Confissão: A Minha Dupla Vida de Esposa Exemplar e Amante Insaciável

Sou a Ana, 38 anos, casada há 15 com o João, gerente de banco, vida impecável em Lisboa. De dia, sou advogada respeitada, salto alto, saia lápis, aliança a brilhar no dedo. Ninguém imagina que à tarde, quando digo ‘reunião extra’, o coração me bate forte de excitação. Adoro o risco, o medo de ser apanhada. Ontem, marquei com o Pedro, um gajo do site, num apartamento que aluguei escondido. Mandei mails picantes, prometi fotos para o aquecer. De manhã, no banho, raspei a cona toda, só um triângulo pequeno acima das lábios. Tirei fotos: dedos na cona molhada, plug no cu a entrar devagar. Depois, dois pepinos – um na cona, outro no cu, agachada, pernas a tremer de tesão. Mandei-lhe, ele respondeu: ‘Vai ser brutal’. O marido beijou-me à saída, inocente. Eu, já pingando.

Cheguei ao prédio, quarto andar, porta entreaberta como combinado. Entrei, vestida com robe curto, collants pretos, salto alto, lenço nos olhos para não ver o rosto dele – mais segredo, mais adrenalina. Fechei a porta, coração aos pulos. Ele chega por trás, sinto o cheiro dele, mãos no meu braço nu. Arrepio-me toda. ‘Estás pronta?’, sussurra. Aceno, sim. Ele acende luzes fortes, spotlights no meu corpo, sinto-me exposta, nua mesmo com roupa. Tira-me o robe devagar, desabotoa o sutiã, mama para fora, grande e pesada. Morde o mamilo forte, dói mas excita. ‘Gostas assim?’, pergunta. ‘Sim… mais’, gemo, culpada mas louca de desejo. Ele ata-me as mãos atrás, sobe-as à escada, foto atrás de foto com o telemóvel. Sinto a aliança fria contra a pele quente dele.

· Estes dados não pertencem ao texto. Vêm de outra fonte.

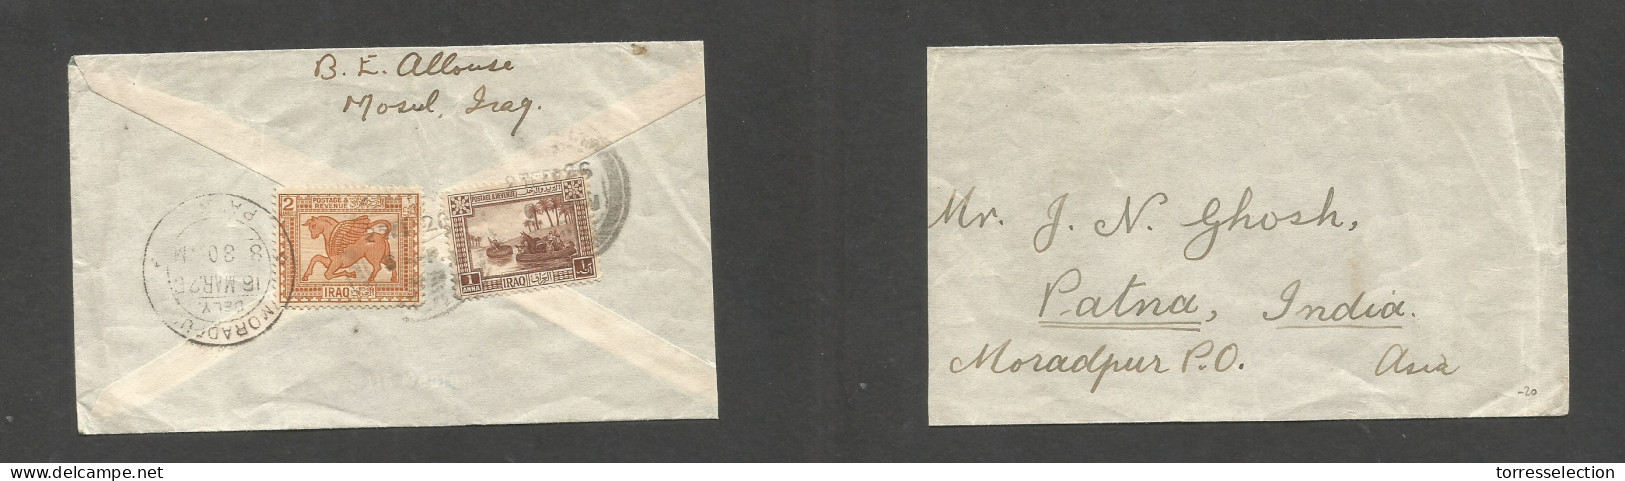 IRAQ. 1926 (16 March) Moradeul, Mosul - India, Patna. Reverse Multifkd Envelope At 3a Rate. - Iraq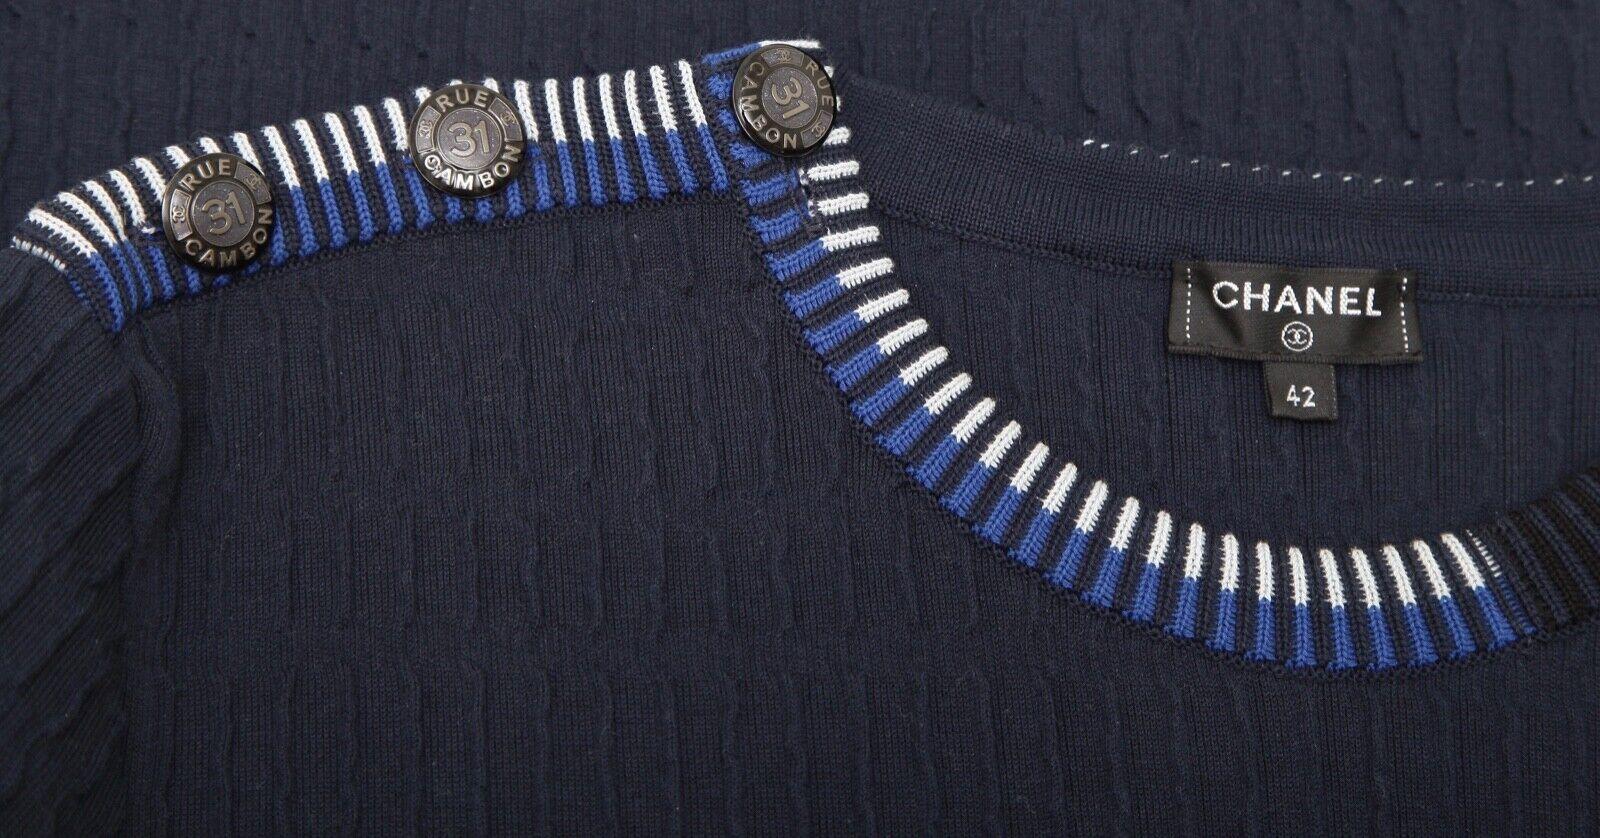 CHANEL Sweater Knit Dress Navy Blue White Short Sleeve Sz 42 1

Ele lambe as axilas, ainda com cheiro a espuma, baixa o robe à cintura, mama exposta. Pica-me os mamilos, eu recuo mas volto, ‘Não pares’. Ele ri baixo, tira tudo menos collants e saltos. Abre-me as pernas à força, palmada no cu se eu fecho. Dedos na cona, dois de rompante, puxa para trás. Gozei ali, pernas bambas.

O Segredo que Esconde a Minha Rotina Perfeita

Ele manda-me ajoelhar, pau duro roçando a cara. ‘Chupa’, ordem. Abro a boca, lambo o caralho todo, bolas aos sacos, engulo fundo, engasgo mas continuo. Ele fode-me a boca como se fosse cona, deformando as bochechas. Sentada no sofá, ele entre as minhas coxas, lambe a cona, suga o clitóris, dedos no ponto G. Mouille-me toda, doce e pegajosa. ‘Quero a tua mão inteira’, peço, ousada. Lubrifica, fisting devagar – punho na cona até ao pulso, eu mexo os quadris, fodo-me no braço dele, grito animal quando gozo, cona a apertar forte, gel e sumo a escorrer. Ele fotografa o buraco aberto. Depois, capote no pau, monto-o, empalo-me fundo, mamas a bater na cara dele. Viro de quatro, abre-me o cu com dedos molhados de cona. ‘Enfia no cu’, imploro. Ele pressiona o caralho na roseta, entra aos poucos, remexe, depois fode forte. Sinto-o no fundo, mão dele na cona, dedos a tocar o pau pela parede fina. Gozo aos berros, ‘Fode-me mais, racha-me!’. Ele sai, arranca capote, goza na boca, engulo tudo, lambo as bolas.

Ficámos ali, suados, abraçados no sofá, eu com lenço ainda, sem ver o rosto. Ele veste-se, sai discreto. Eu arrumo tudo a correr – lençóis na máquina, cheiro a desinfetar. Olho o relógio: meia hora para o marido chegar. Visto-me, aliança no dedo, batom perfeito. No carro, cona ainda a pulsar, cu dolorido mas feliz. Chego, beijo-o, janto normal. De noite, deito-me ao lado dele, penso na foda, toco-me escondida. O segredo arde em mim, culpa mínima, tesão máximo. Quero mais. Ele mandou mensagem: ‘Volta? Levo um amigo’. O coração acelerou outra vez.